Nel frattempo, fuori, sul portico delle Casa Grande, Chirone, Malcolm e Silena, stava parlando tra di loro.
“Pensa  che sia saggio?” domandò il figlio di Atena.
“Penso che le farà bene”, rispose Chirone, “domani lo dichiareremo morto”, continuò.
Il vento soffiò più forte e il cielo si fece più scuro.
“La signorina La Rue aveva ragione: prima affronta il lutto, meglio sarà.”
I due ragazzi annuirono, uno con le lacrime agli occhi per il dolore della sorella, l’altra piangendo per il suo amico perduto, per quella storia d’amore, che non era ancora sbocciata, ma che si prevedeva sarebbe stata una della più belle e divertenti che Afrodite avesse mai creato.

E così passarono le poche ore che rimanevano prima della sveglia: un letto vuoto nella cabina numero sei, un sonno agitato in una delle stanze della Casa Grande e un uomo in sedia a rotelle che stringeva la mano di una ragazza bionda e le sussurrava ‘bambina mia’.

Angolo autrice
Premetto che questa doveva essere una one-shot, ma mentre scrivevo mi sono resa conto che stava diventando veramente lunga.
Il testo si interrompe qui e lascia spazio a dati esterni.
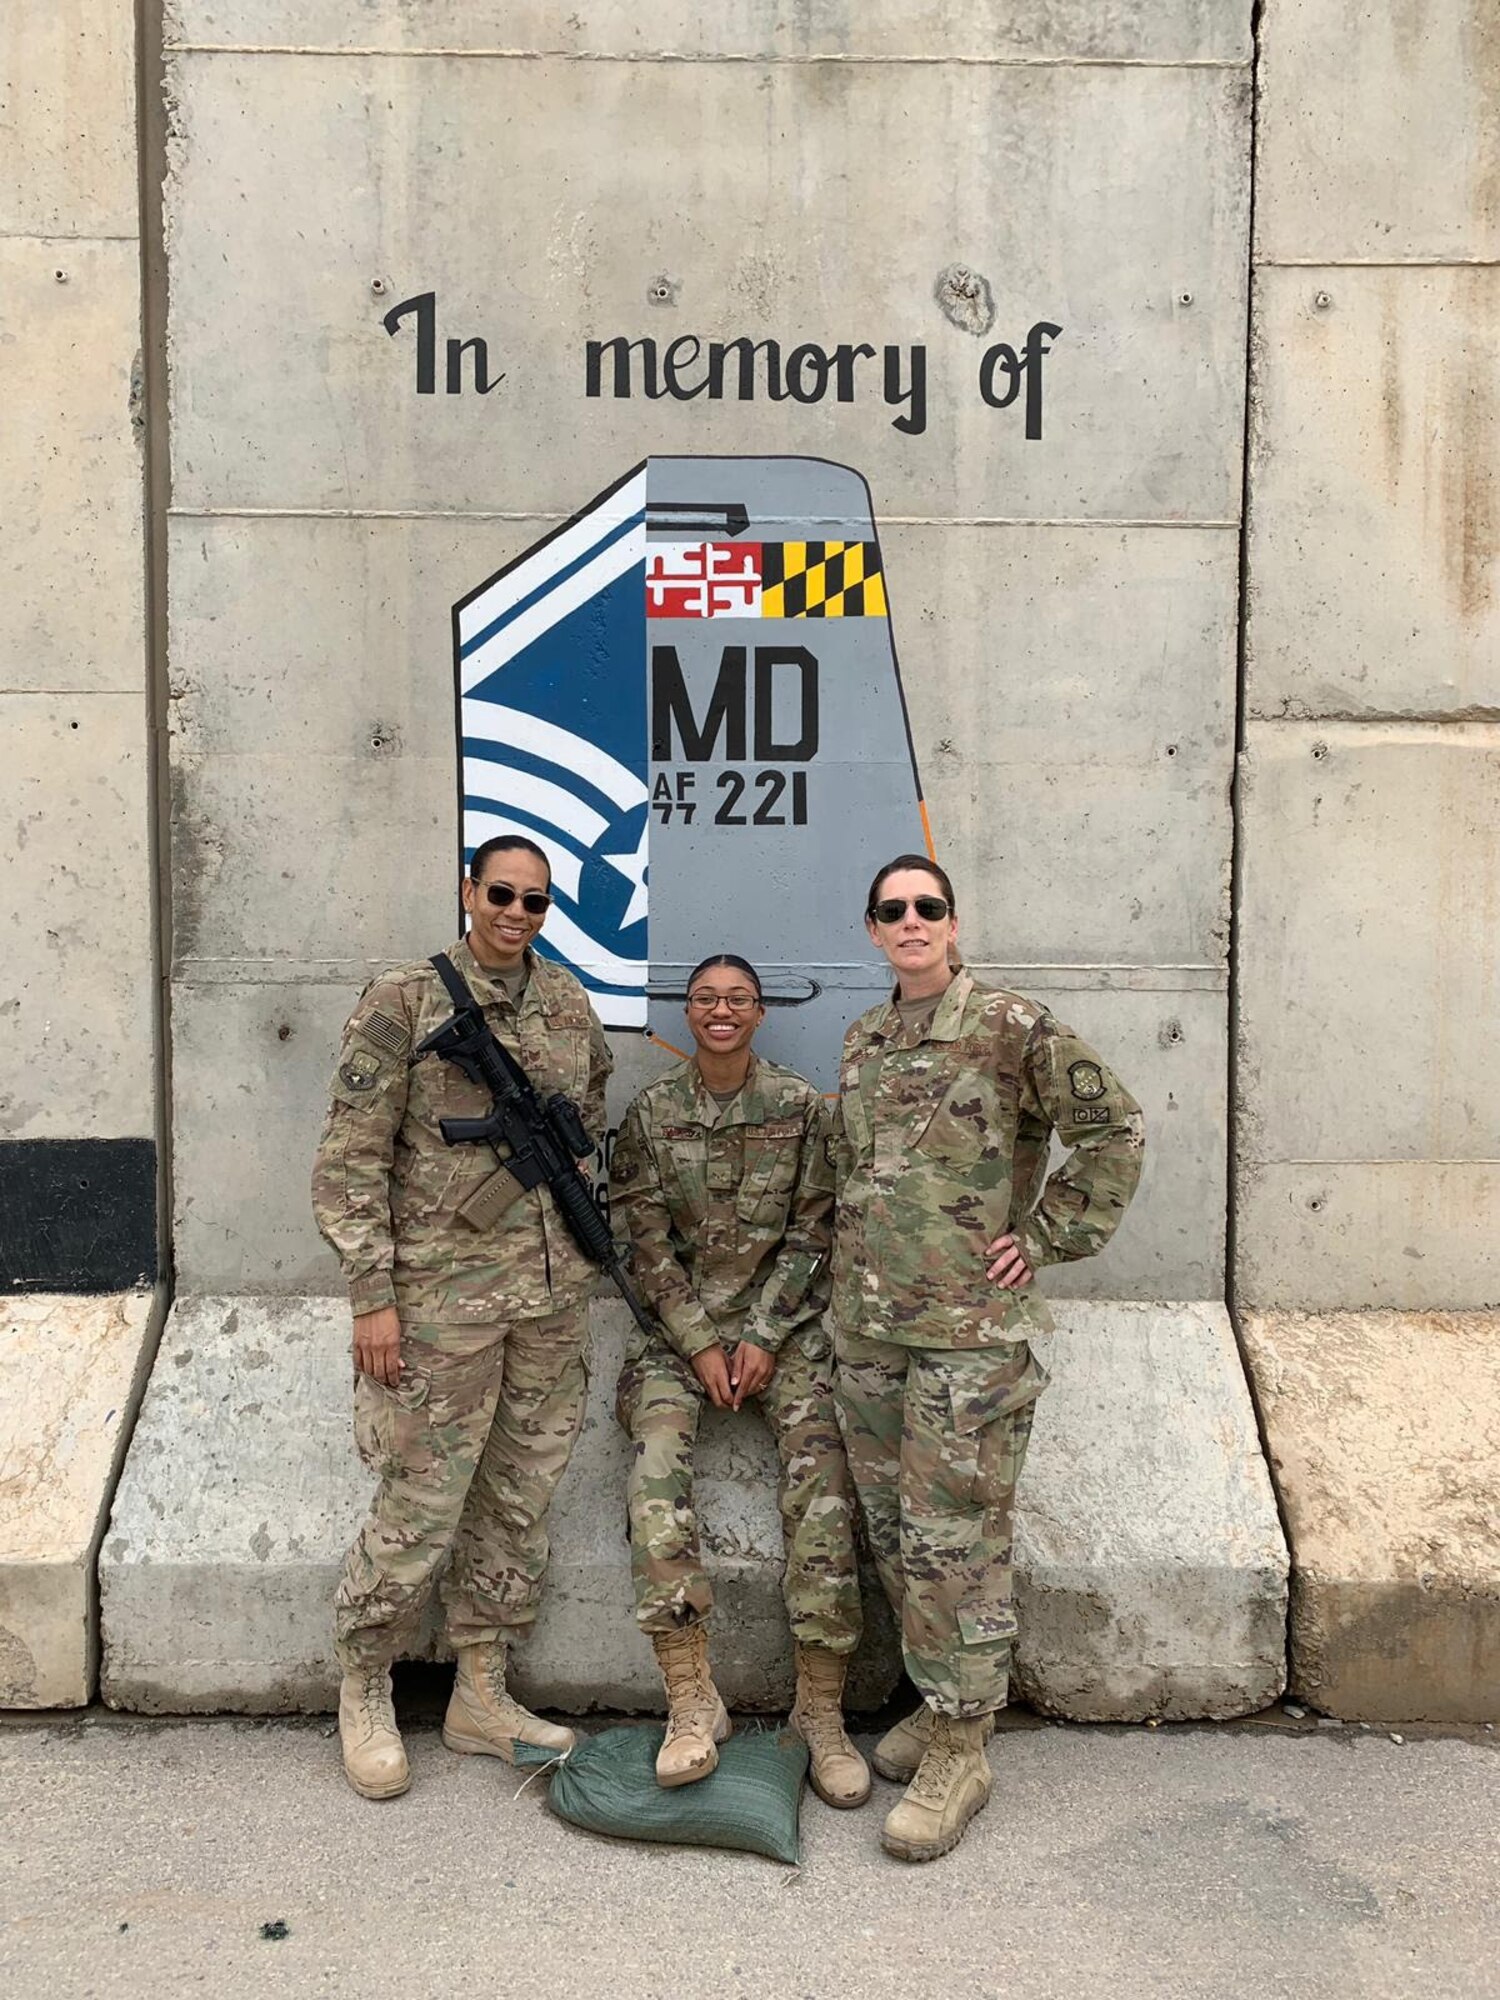 (From left) Tech. Sgt. Lindsey Bryant, Airman 1st Class Bria Bailey, and Senior Airman Jayme Bradley, Airmen assigned to the 175th Maintenance Squadron, Maryland National Guard, pose for a photo in front of a memorial April 16, 2019, during her deployment to Kandahar, Afghanistan.

Quindi per evitare di postare tredici pagine tutte insieme, ho deciso di spezzare in due la storia. Questa prima parte è la più triste e possiamo notare quanto il campo si striga attorno ad Annabeth per farle forza (persino Clarisse). Ho voluto mettere in luce il rapporto che lega Chirone ed Annabeth, perché sono profondamente convinta che il loro rapporto padre-figlia sia molto profondo, ed infine dare più spazio a Malcolm, sono pur sempre fratello e sorella e penso che facciano molto affidamento l'uno sull'altro.